→ Data section:
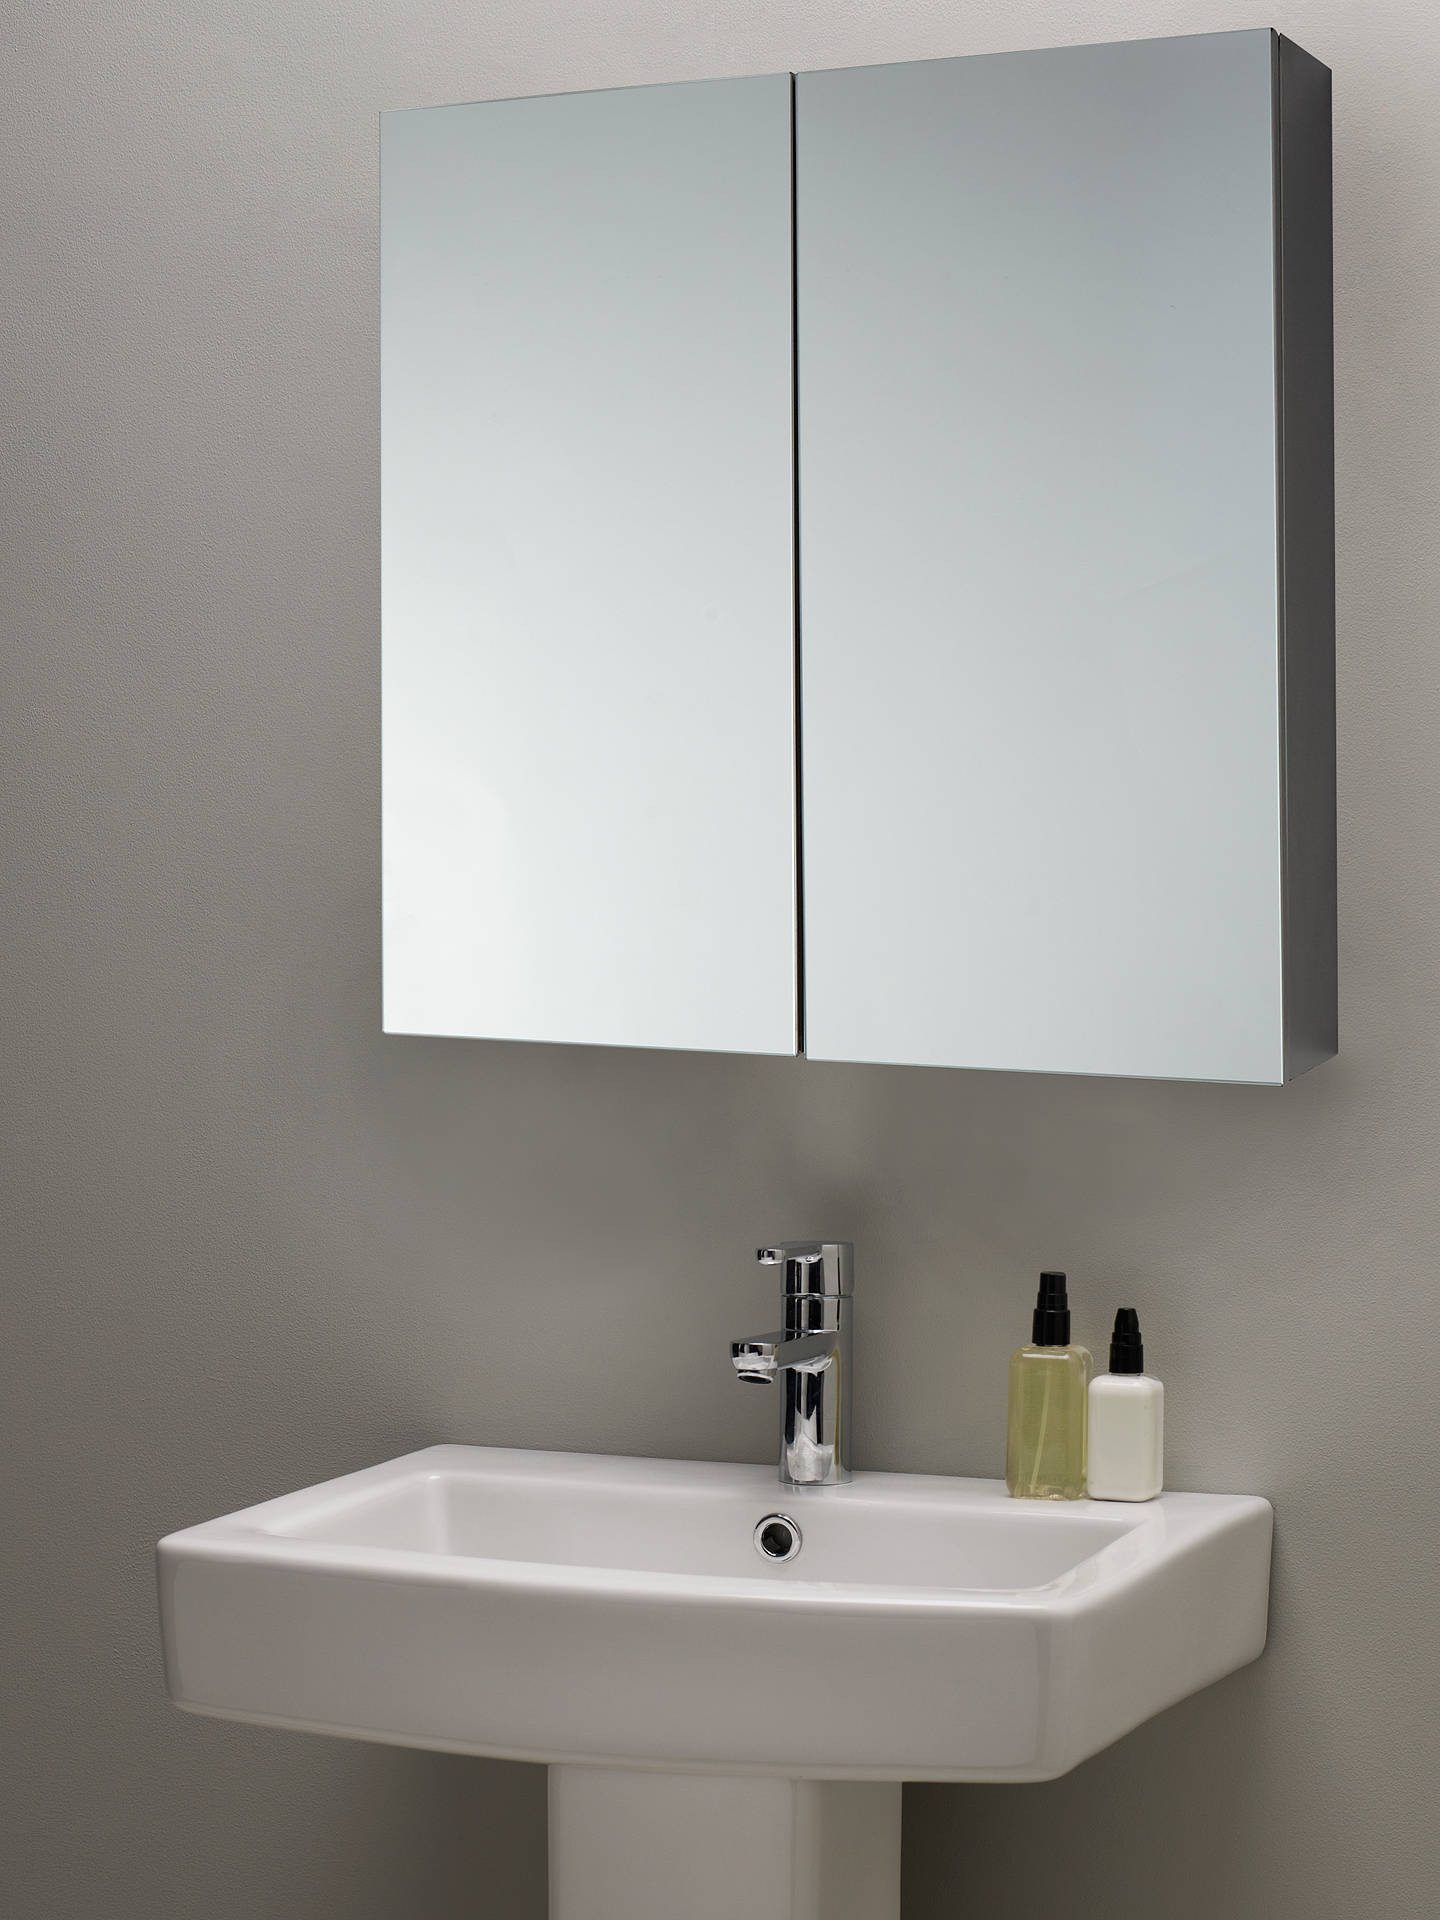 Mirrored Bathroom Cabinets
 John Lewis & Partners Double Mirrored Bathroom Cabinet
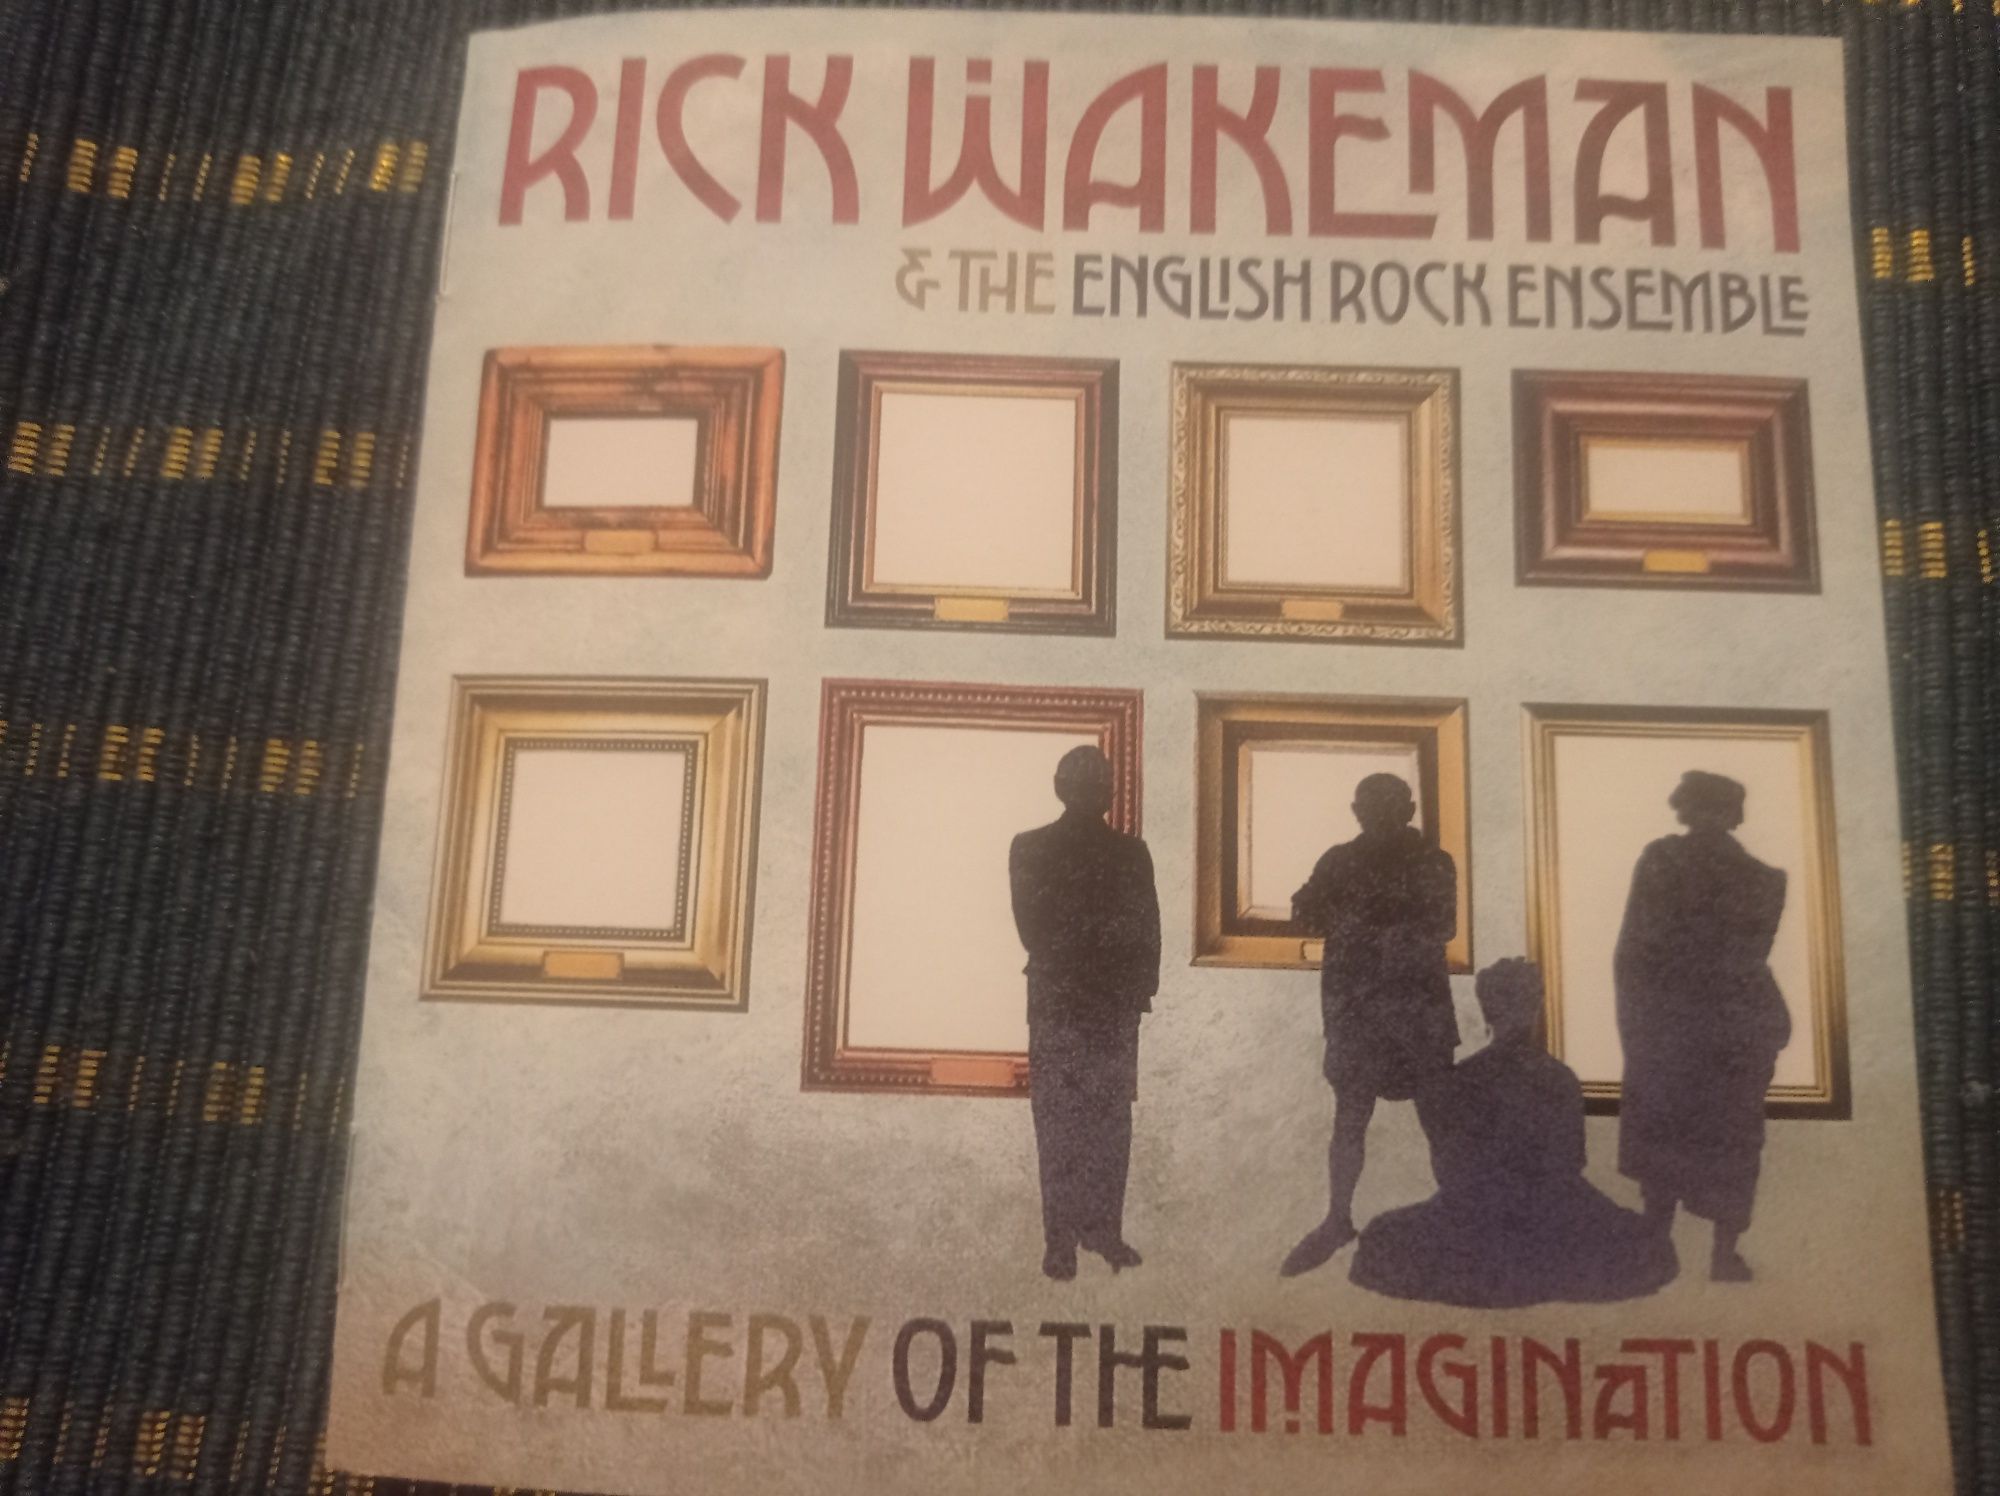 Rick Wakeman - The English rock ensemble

→ Instructions to follow:
Go through the listing above and retype it exactly, skipping every picture.

→ Your response:
 Mirrored Bathroom Cabinets
 John Lewis & Partners Double Mirrored Bathroom Cabinet
 Rick Wakeman - The English rock ensemble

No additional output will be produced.